The campus impact came faster than anticipated, he said, because Washington State University has already transferred its Pullman-based pharmacy program to Riverpoint and because Washington legislators agreed to pay for the construction of the Riverpoint WSU biomedical and health sciences building.

While Riverpoint has ramped up since 2009 faster than he predicted, Umbach also emphasized strategies that need to be focused before Riverpoint can grow to his estimated 2017 impact of $400 million per year.

Since the state and the health care industry now face stiff financial challenges, the next four years of growth at Riverpoint will be funded more by private companies and businesses, Umbach said.

Umbach said Spokane offers advantages for pharmaceutical companies, medical device makers, health care analysts and bioscience innovators to form partnerships with other Riverpoint entities.
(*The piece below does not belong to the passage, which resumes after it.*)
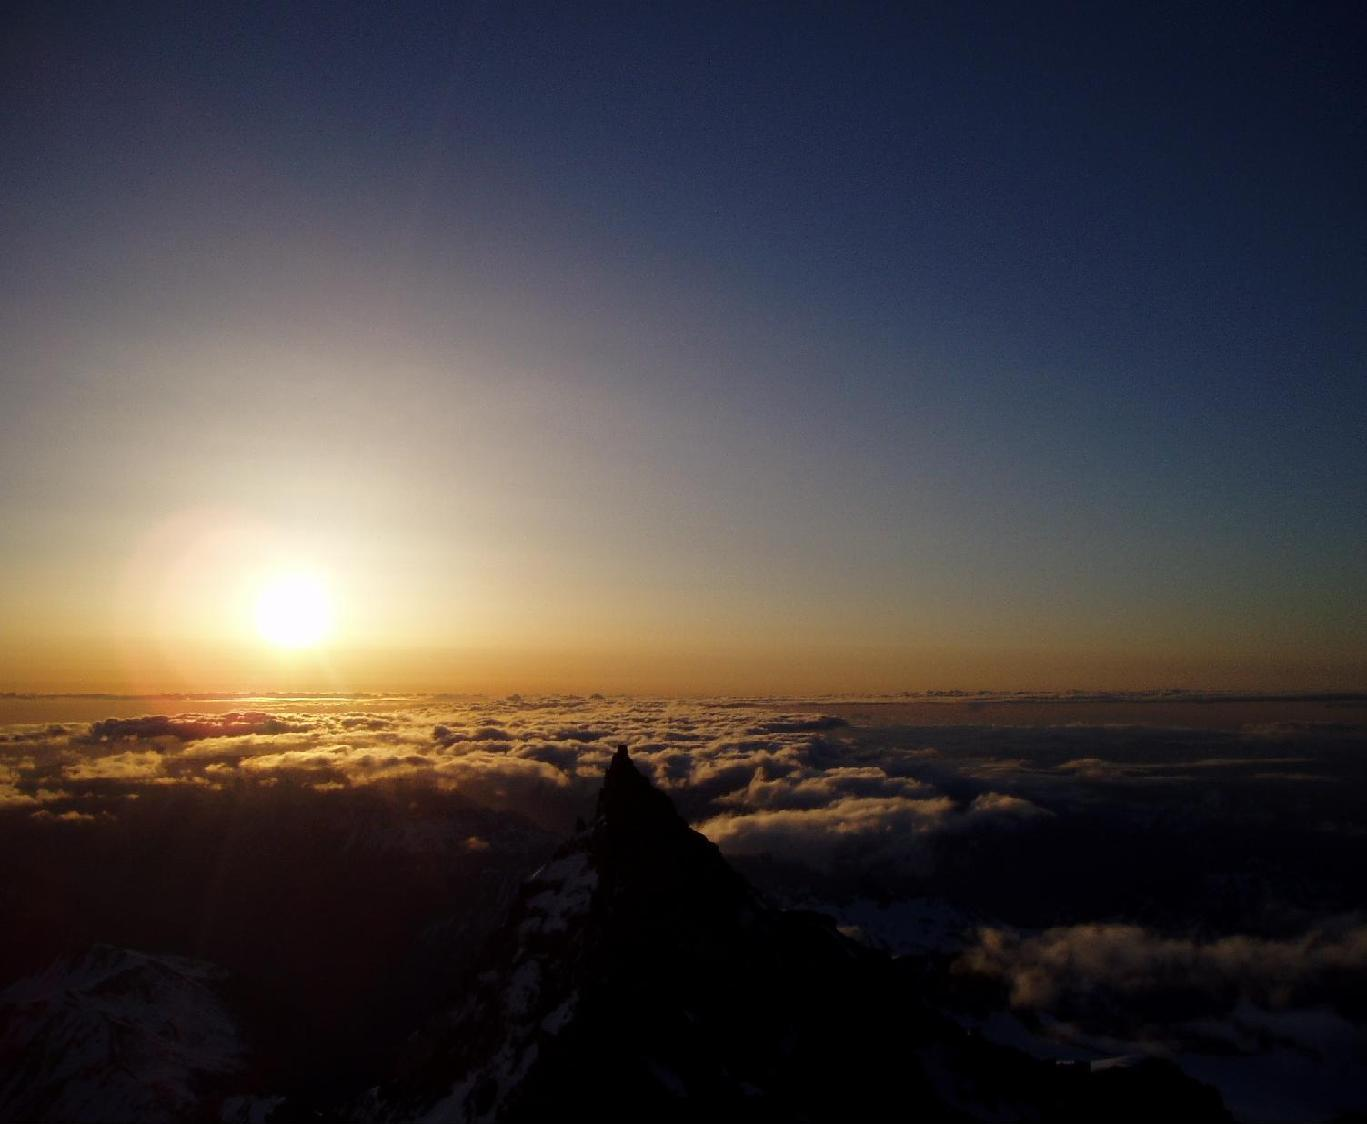 Taken at sunrise from 11,500 feet on the Ingraham Glacier

“Spokane will have to say, ‘Hey, we have what will soon be a four-year medical school and we have all these other things going on at Riverpoint. This is a good place for your business to be here, where it’s a great place to live and a great place to run a business,’ ” he said.

He said another strategy Spokane needs to address is the number of medical residencies created by the University of Washington’s regional WWAMI medical education program. WWAMI brings medical students from Washington, Wyoming, Alaska, Montana and Idaho to Spokane for one or more years of medical training.

After getting medical degrees, graduates start residencies in hospitals or clinics. Spokane has the capacity to support 44 WWAMI residencies, said Umbach, but the goal embraced by med school proponents is to get that number to 144 residencies.

Not only do residents tend to stay in the city where they work, their economic impact is significant, he said. Each resident generally accounts for at least four new jobs and about $1.5 million in local economic impact, he said.

Based on similar studies he conducts nationwide, Spokane has the advantage of widespread cooperation around Riverpoint, Umbach said. “In Spokane, it’s clearly not a case where you have groups working in their own silos and not with each other.”